On 01/19/2015 08:26 PM, Trevor Perrin wrote:
So his argument that we should consider full-radix when choosing performance-oriented primes seems reasonable to me. Seems like we should try to get more analysis and timings for full-radix Ted37919, Curve41417, Goldilocks, E-521, etc.
I think it's reasonable.  Here's some analysis for those primes.

The point of the Goldilocks prime is that Karatsuba is a win at that size, and Karatsuba is a pain on full-radix. So even though Ed448 is suitably aligned for a full-radix implementation on 32 bits, that would take 14^2 = 196 muls vs 16^2 * 3/4 = 192 for Karatsuba. The extra adds for Karatsuba cost less than the carry handling for full-radix unless you have some sort of accelerator, and I don't think UMAAL is enough of an accelerator to make up that difference. 64-bit is similar except the coefficients aren't aligned. So it's almost always a win to use Karatsuba and reduced-radix.

E-521 takes 9 limbs on 64-bit in either full- or reduced-radix, so there's no point in doing full-radix. On 32-bit, it's 1 - 17^2/18^2 ~ 11% fewer muls to do full-radix, but again you lose the ability to use Karatsuba or Chung-Hasan or the Granger-Scott IBDWT, so even if carry-handling is free that's not a win unless you want the simplest implementation. For further comparison, MS would rather pick an 8-or-16-limb prime (on full-radix) and get a 21% reduction in muls, but they still pay a carry-handling penalty and lose Karatsuba/CH/IBDWT.

This analysis doesn't support Longa's point, since it shows cases where reduced radix is very fast, even faster than full-radix on a comparable-sized prime on a machine where that's fast. I think the point is more valid for 2^389-21, since it's just over a power of 2^32.

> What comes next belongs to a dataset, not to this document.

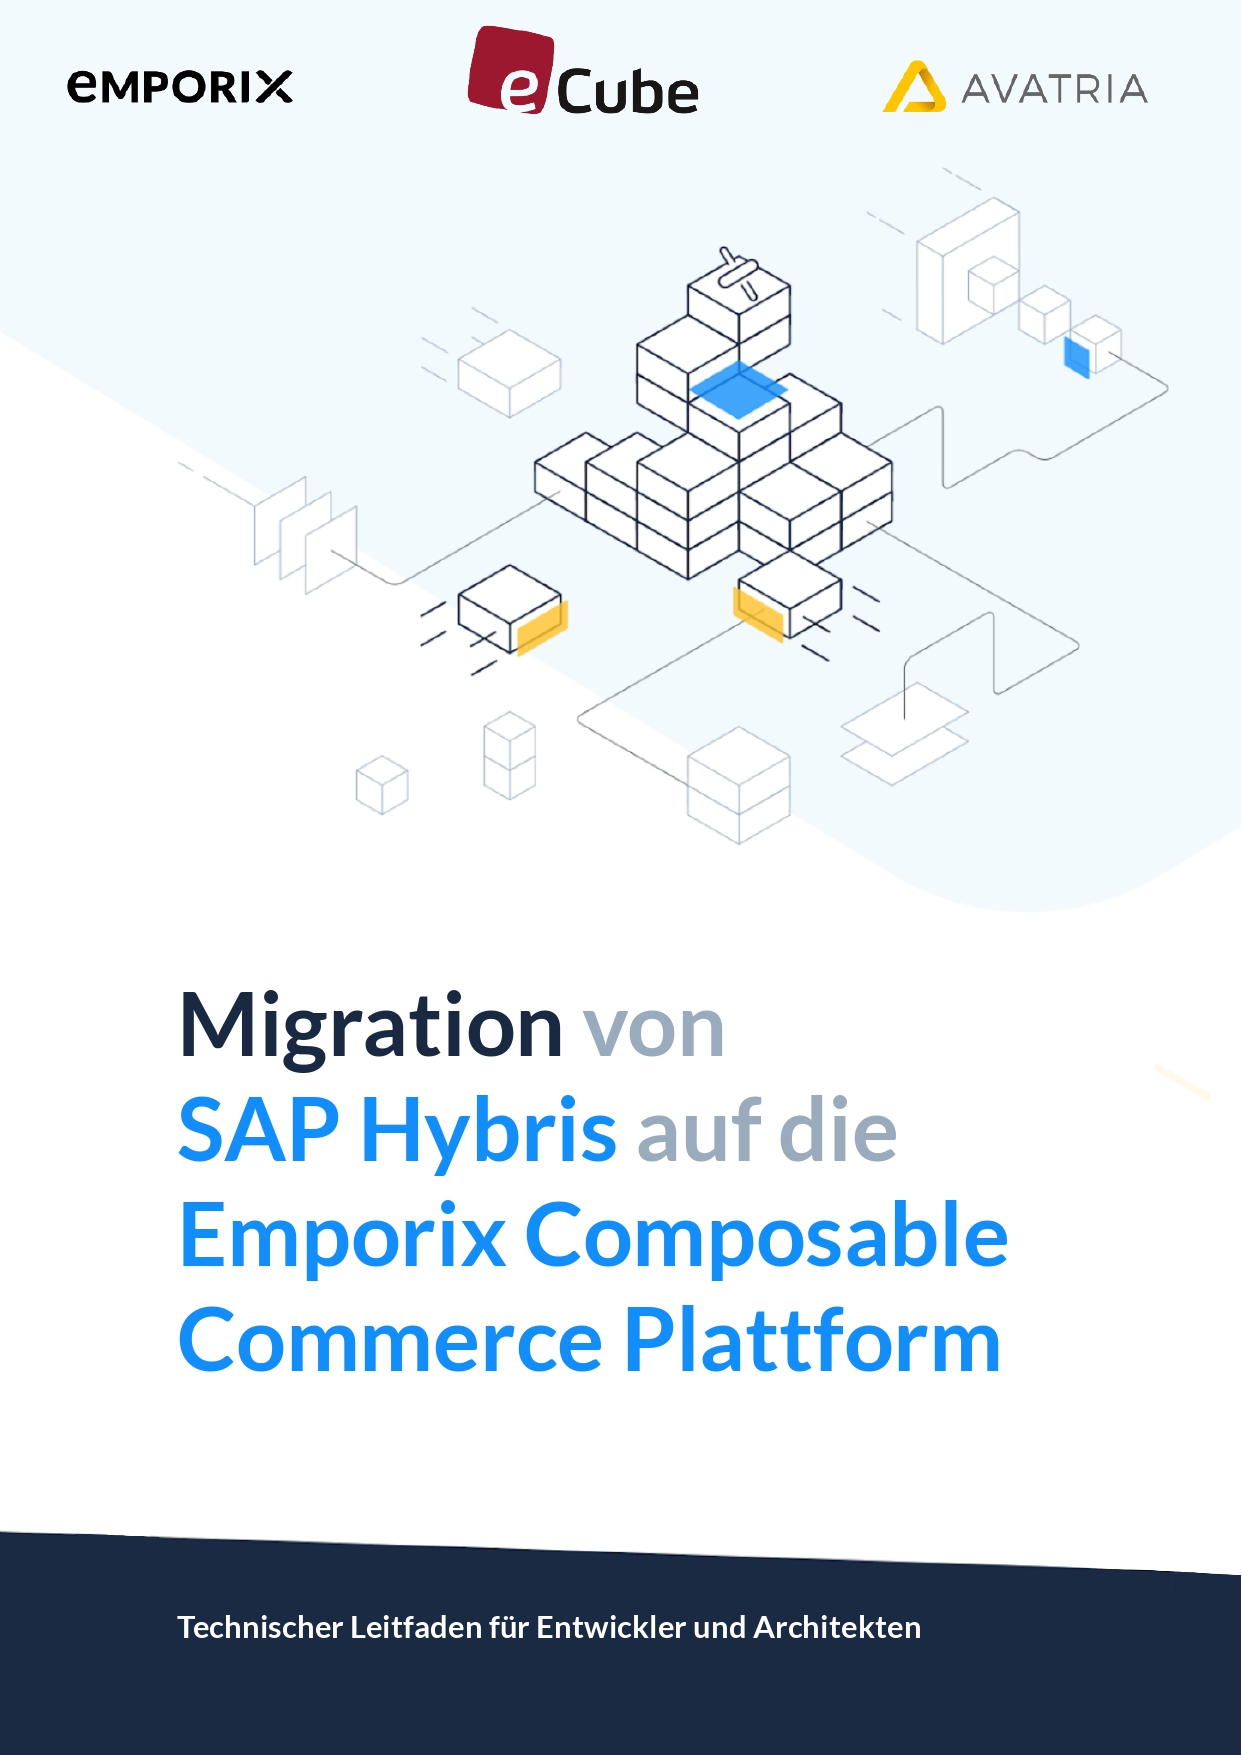 Emporix_Migration_von_SAP_Hybris_auf_die_Emporix_Composable_Commerce_Plattform-1_page-0001

I don't know about Curve41417 and Ted37919. It would probably be close for Ted37919, since there the cost reduction is 1 - 6^2/7^2 ~ 27% and Karatsuba doesn't apply (at least on 64-bit).
On Mon, Jan 19, 2015 at 5:03 PM, D. J. Bernstein <[email protected]> wrote:
There's a long history of hard-to-catch errors in full-radix software.
https://cryptojedi.org/papers/#verify25519 is the first step towards
confidently getting out of this mess---and it's significantly _easier_
for reduced-radix software than for full-radix software.
That's interesting and not intuitive to me.  I'd think reduced-radix
was trickier to implement and analyze.  Huh...
The carry chains in full-radix software can be a pain to get right. In my experience, it's not so bad when you have some headroom (2^255-19 and 2^379-19). But if the prime is very close to a power of the word size (2^256-189 or the NIST Solinas primes), then carries can propagate really far. This costs performance, and it's tempting to come up with a clever, hard-to-analyze trick to limit the propagation.